# Hakan Calhanoglu vs Bernardo Silva.



## Renegade (26 Agosto 2015)

Così, a crudo. Senza giri di parole e discorsi vari. Io preferisco Hakan perché trovo abbia più visione e capacità di regia.


----------



## Splendidi Incisivi (26 Agosto 2015)

Calhanoglu, più tecnico e concreto.


----------



## Renegade (26 Agosto 2015)

Splendidi Incisivi ha scritto:


> Calhanoglu, più tecnico e concreto.



Già, però Bernardo ha un dribbling migliore ed è più esplosivo.


----------



## Ma che ooh (26 Agosto 2015)

Adoro Silva , ma Hakan già adesso è di tutt'altro livello


----------



## Splendidi Incisivi (26 Agosto 2015)

Renegade ha scritto:


> Già, però Bernardo ha un dribbling migliore ed è più esplosivo.


Però se parliamo di trequartista preferisco le caratteristiche del turco, Bernardo proprio per il dribbling non lo vedrei male più in fascia che in mezzo.


----------



## Renegade (26 Agosto 2015)

Splendidi Incisivi ha scritto:


> Però se parliamo di trequartista preferisco le caratteristiche del turco, Bernardo proprio per il dribbling non lo vedrei male più in fascia che in mezzo.



Esatto. Però comunque sono i migliori giovani nel loro ruolo. Tra un paio d'anni saranno tra i veri big. Come sai io preferisco più il 10 alla Rui Costa, ecco spiegato perché sbavo per Calhanoglu.


----------



## mefisto94 (26 Agosto 2015)

Io Silva, tra l'altro credo che abbia più margini.


----------



## Splendidi Incisivi (26 Agosto 2015)

Renegade ha scritto:


> Esatto. Però comunque sono i migliori giovani nel loro ruolo. Tra un paio d'anni saranno tra i veri big. Come sai io preferisco più il 10 alla Rui Costa, ecco spiegato perché sbavo per Calhanoglu.

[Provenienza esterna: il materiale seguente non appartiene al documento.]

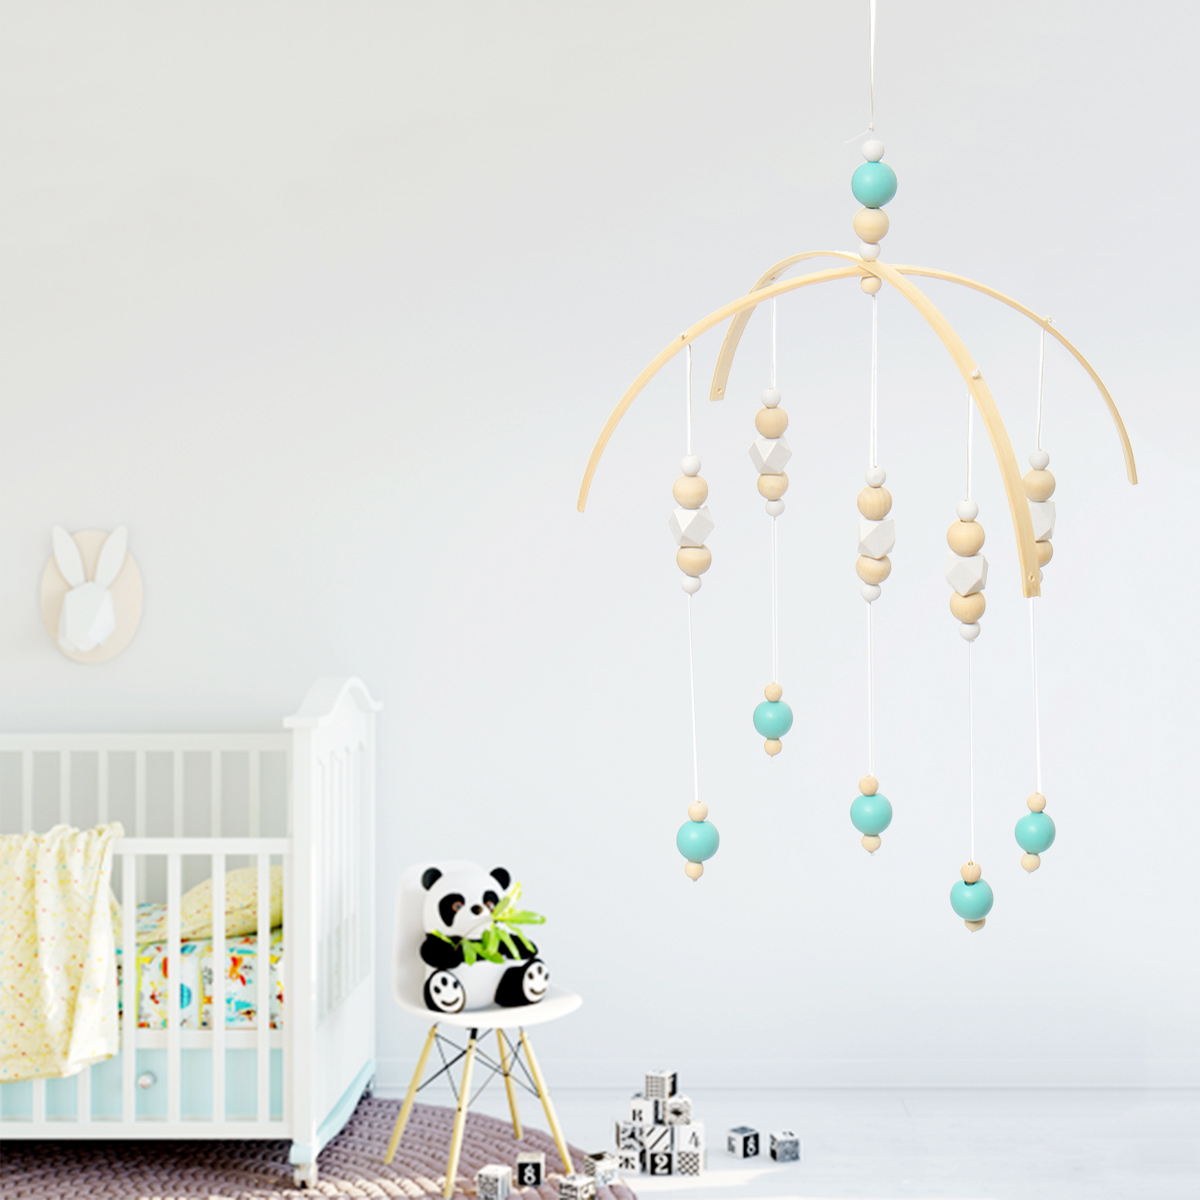 Wooden-Beads-Wind-Chimes-with-Wool-Balls-Baby-Bed-Hanging-Windbell-Crib-Tent-Kids-Room-Decorations-O-1906546-9

Il trequartista vero è il turco, perché il trequartista non è un dribblomane per definizione, Silva è più un giocatore di fascia.


----------



## mèuris (27 Agosto 2015)

Tosta. Non saprei scegliere, onestamente. Per quanto ho potuto vedere (ho avuto modo di vedere Bernardo più volte del "10" del Leverkusen) Calhanoglu si avvicina più ad un trequartista tradizionale. Bernardo Silva ha più dribbling, è più rapido, sgusciante. Gioca anche più esterno; o meglio, parte da lì,ma svaria molto. Non ha, però, il calcio e la giocata a medio-lungo raggio del turco,a quanto mi è parso. Non saprei decidermi, onestamente. Ad oggi forse direi Čahlanoglu, perché vedo il suo singolo impatto più importante,in una squadra. Ma giusto per questo, perché poi sono entrambi molto forti, e anche abbastanza diversi, come giocatori. Potrebbero giocare tranquillamente insieme in un 4-2-3-1, per dire. Diciamo pari,va


----------



## mèuris (27 Agosto 2015)

mefisto94 ha scritto:


> Io Silva, tra l'altro credo che abbia più margini.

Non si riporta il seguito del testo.